Nothing he could do, either, about the dangers posed by his distant cousin Dantirya Sambaiclass="underline" the great adversary, the ever diabolical foe, malevolent and unpredictable, still at large. Where was he? What was he up to? All these months, and no one had seen or heard from him.
It was easy and tempting to think that he had perished, that he and his demonic man Mandralisca lay dead and rotting in some roadside ditch in southern Alhanroel. But that was too easy; and it strained Prestimion’s imagination to believe that fate could so conveniently have removed Dantirya Sambail from his list of problems without the slightest effort on his part. Still, a network of spies on two continents had produced no information.
The Procurator should surely have reached his headquarters in Ni-moya by now, but his throne there sat empty. Nor had he surfaced anywhere in southern or western Alhanroel. It was all very unsettling. Dantirya Sambail would reappear when least expected, Prestimion knew, and would cause maximum trouble when he did. But here, again, all that he could do was wait, and do his daily work, and wait. And wait.
Maundigand-Klimd came to him and said, “Look at these, my lord.” The Su-Suheris magus had a cloth sack with him, bulging as though he had brought three pounds of ripe calimbots straight from the marketplace.
It was Threeday morning, the day of the week when Prestimion customarily went down to the exercise-hall to engage in a little singlesticks contest with Septach Melayn. That was always an unequal match, for Septach Melayn had the reach on him by eight or ten inches, and had unparalleled mastery of any kind of hand-wielded weapon besides.

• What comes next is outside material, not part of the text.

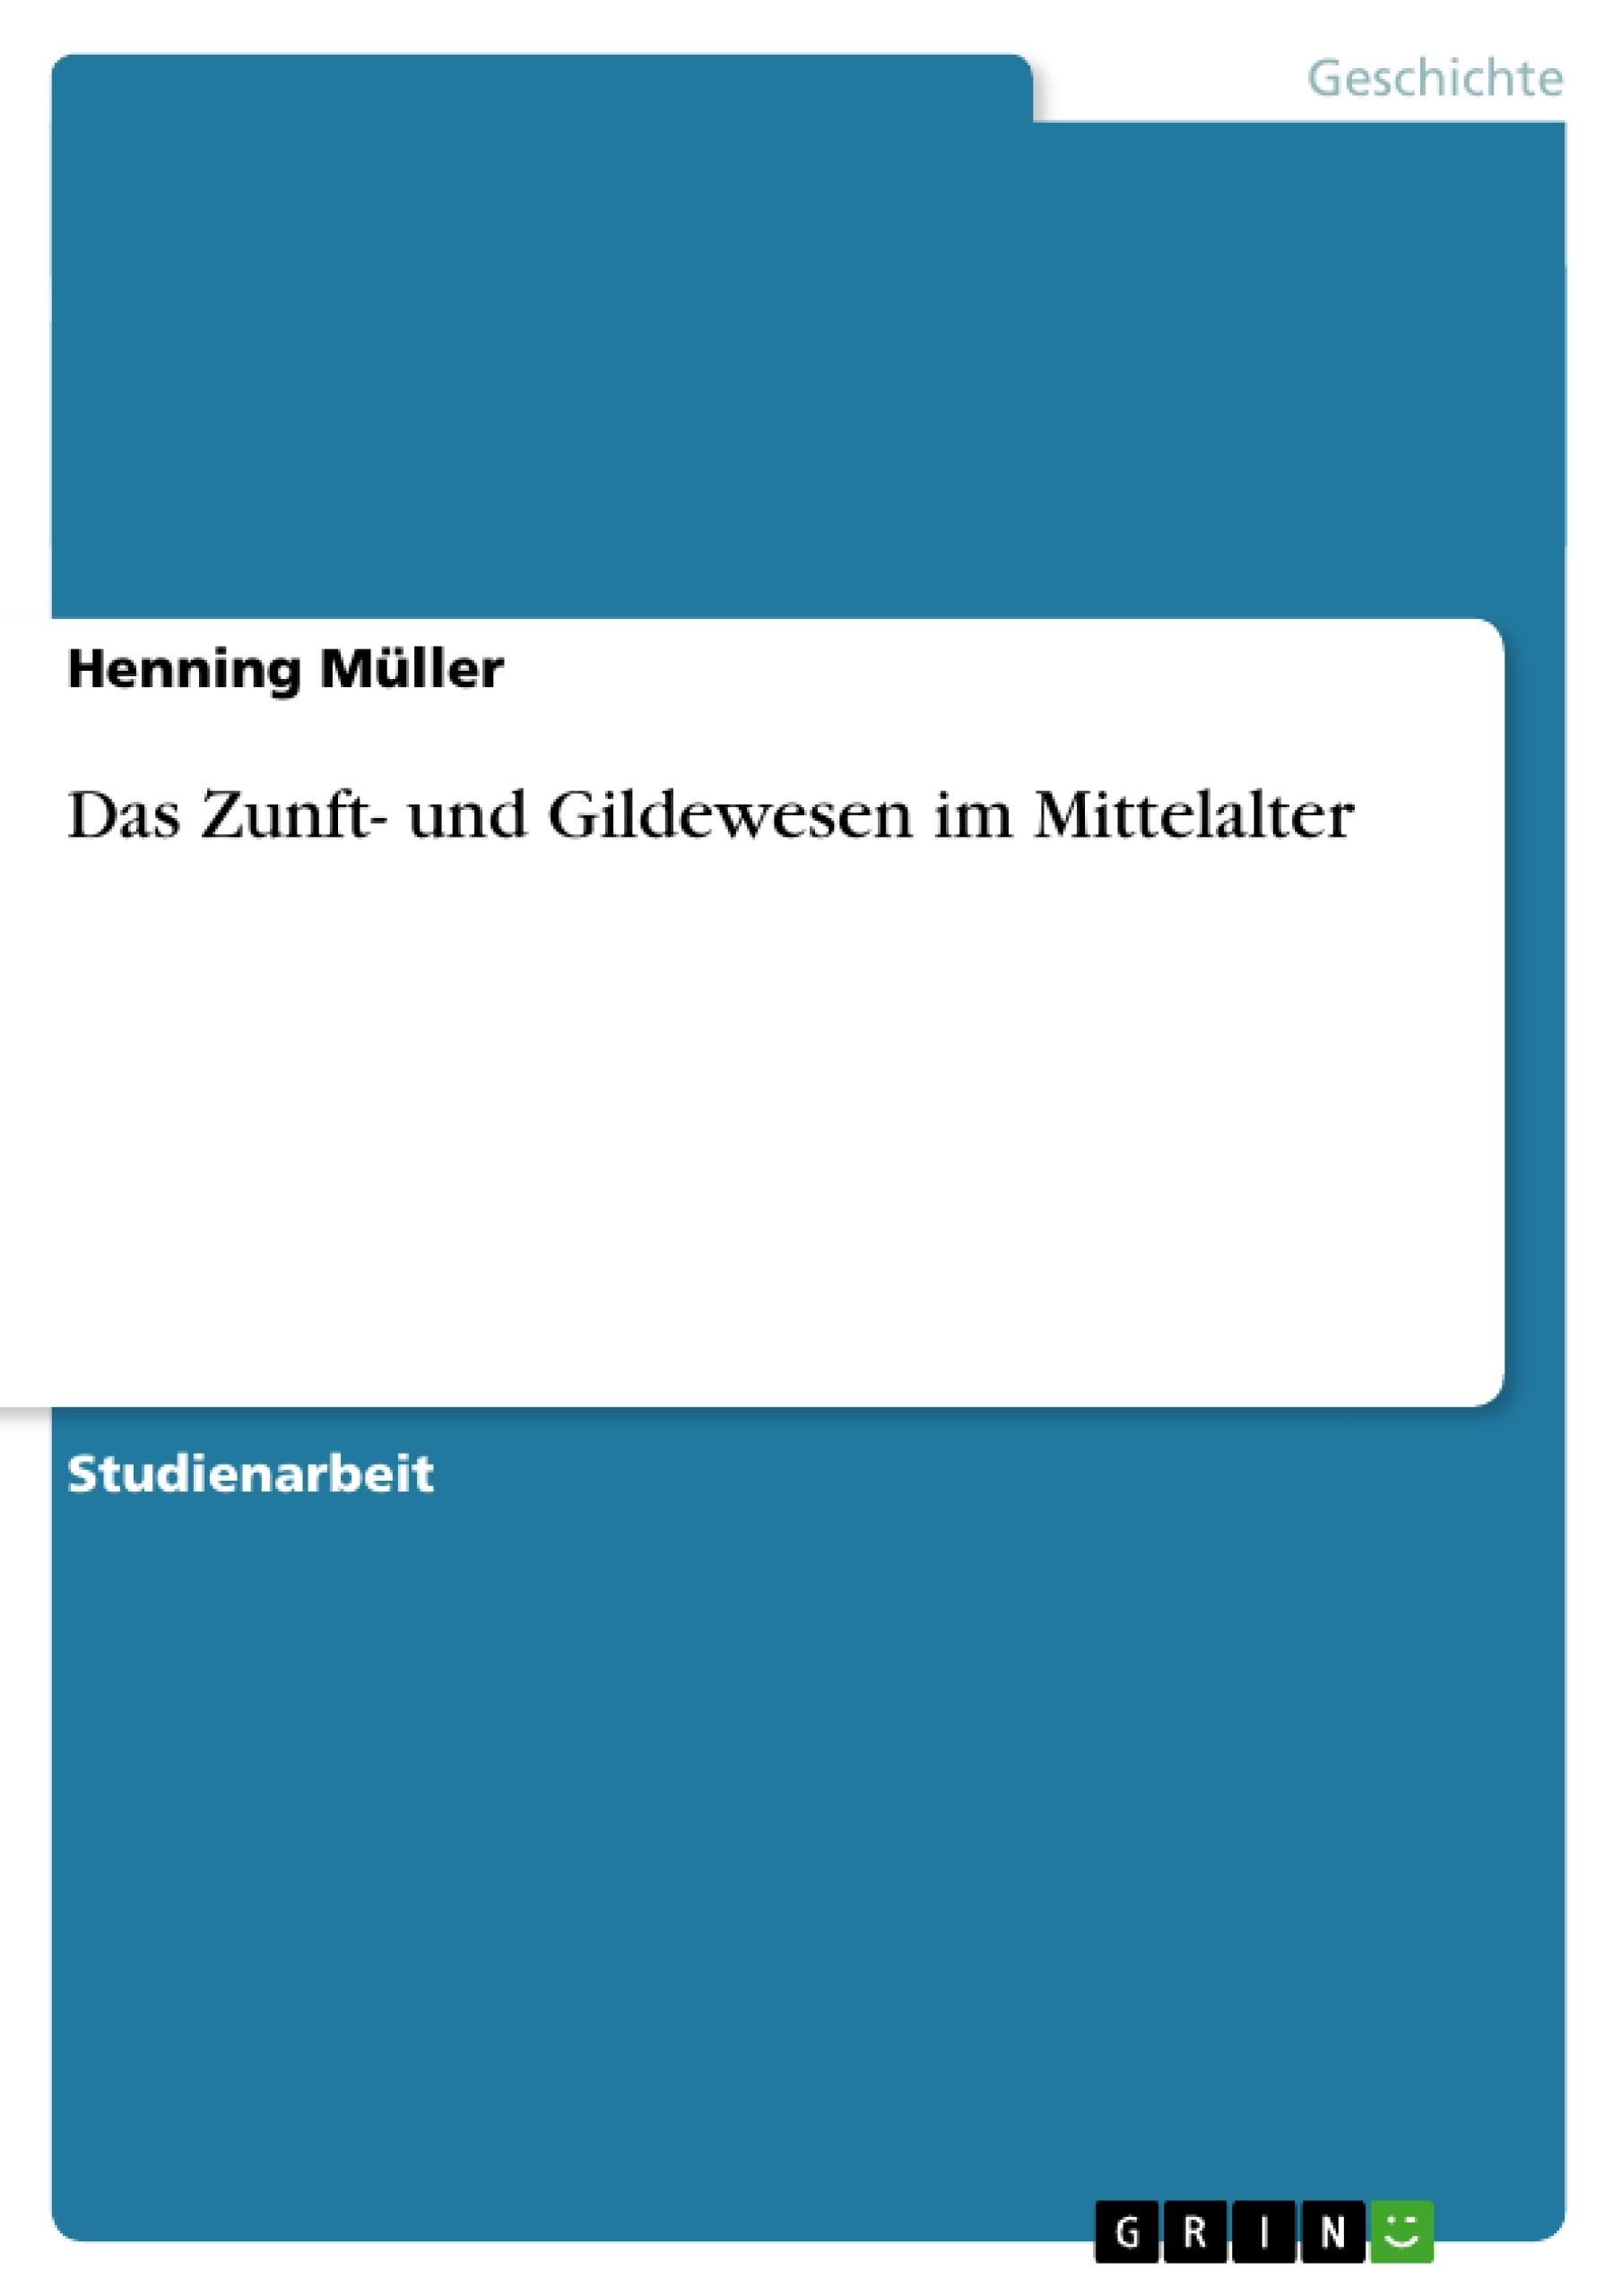 Titel: Das Zunft- und Gildewesen im Mittelalter
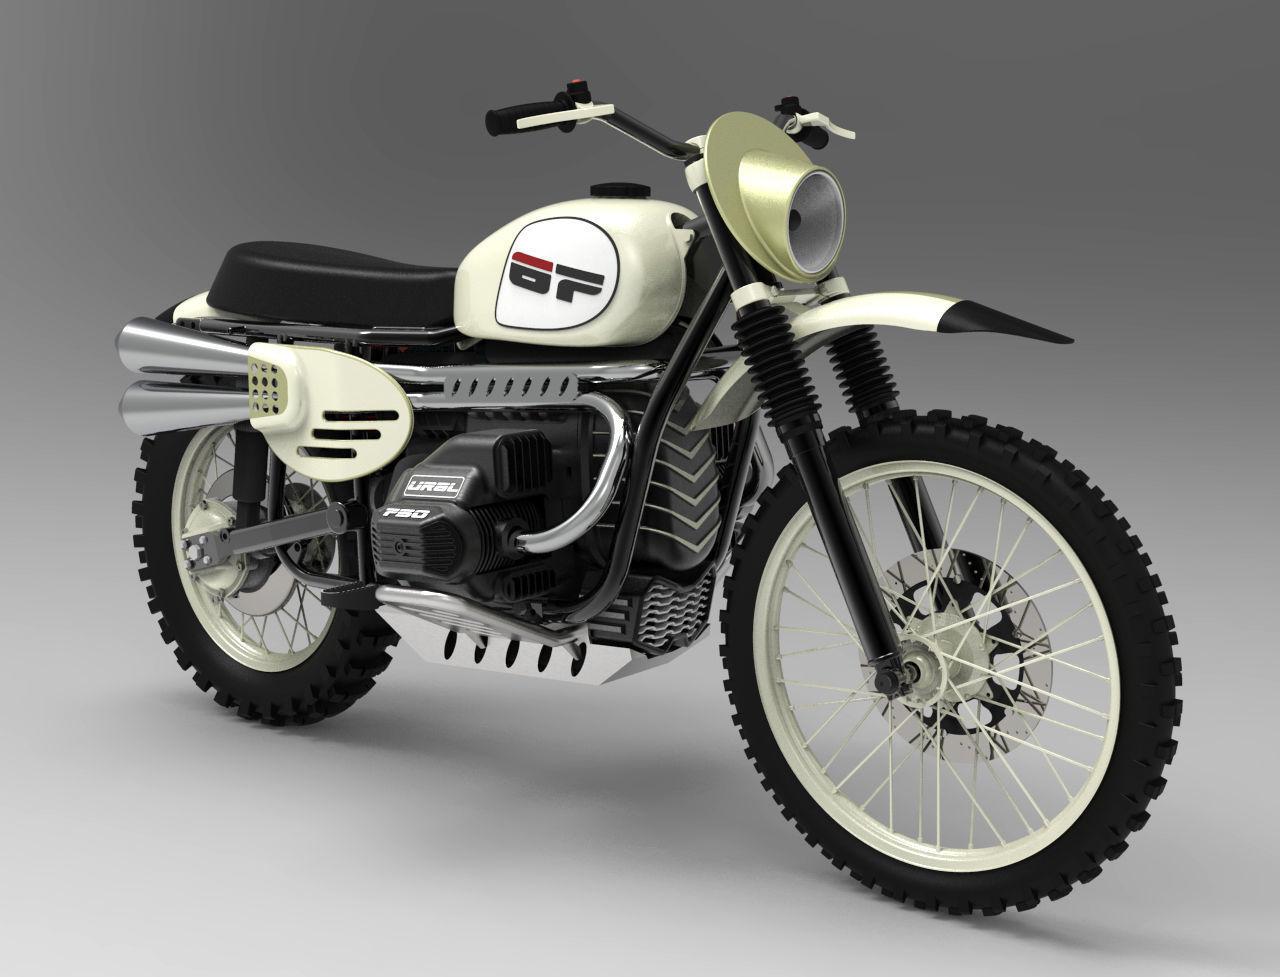 Ural Enduro Motorcycle - High detailed

But it was essential for the two men, bound now as they were to their desks so much of the time, to work at keeping their bodies in tune; and so on Threedays they dueled with batons, and on Fivedays they tested each other on the archery course, where the advantage lay with Prestimion.
“What do you have here, and is it necessary for me to see it at just this moment?” Prestimion asked, in some impatience. “I have an appointment with the High Counsellor.”
“It will take only a minute or two, my lord.”
Maundigand-Klimd up-ended his bag and what looked like three dozen tiny severed heads fell out onto Prestimion’s desk.
They were ceramic, he realized, after the first startled glance. But modeled in an extremely vivid and realistic manner, with terrifying grimacing faces—mouths gaping wide, eyes staring wildly, nostrils flaring—and a convincing swath of gore at the neck-stumps: cunning simulations of people who had died in the most frightful agony.
“Very pretty,” Prestimion said bleakly. “I’ve never seen anything like them. Is this the latest fashion of jewelry among the ladies of the court, Maundigand-Klimd?”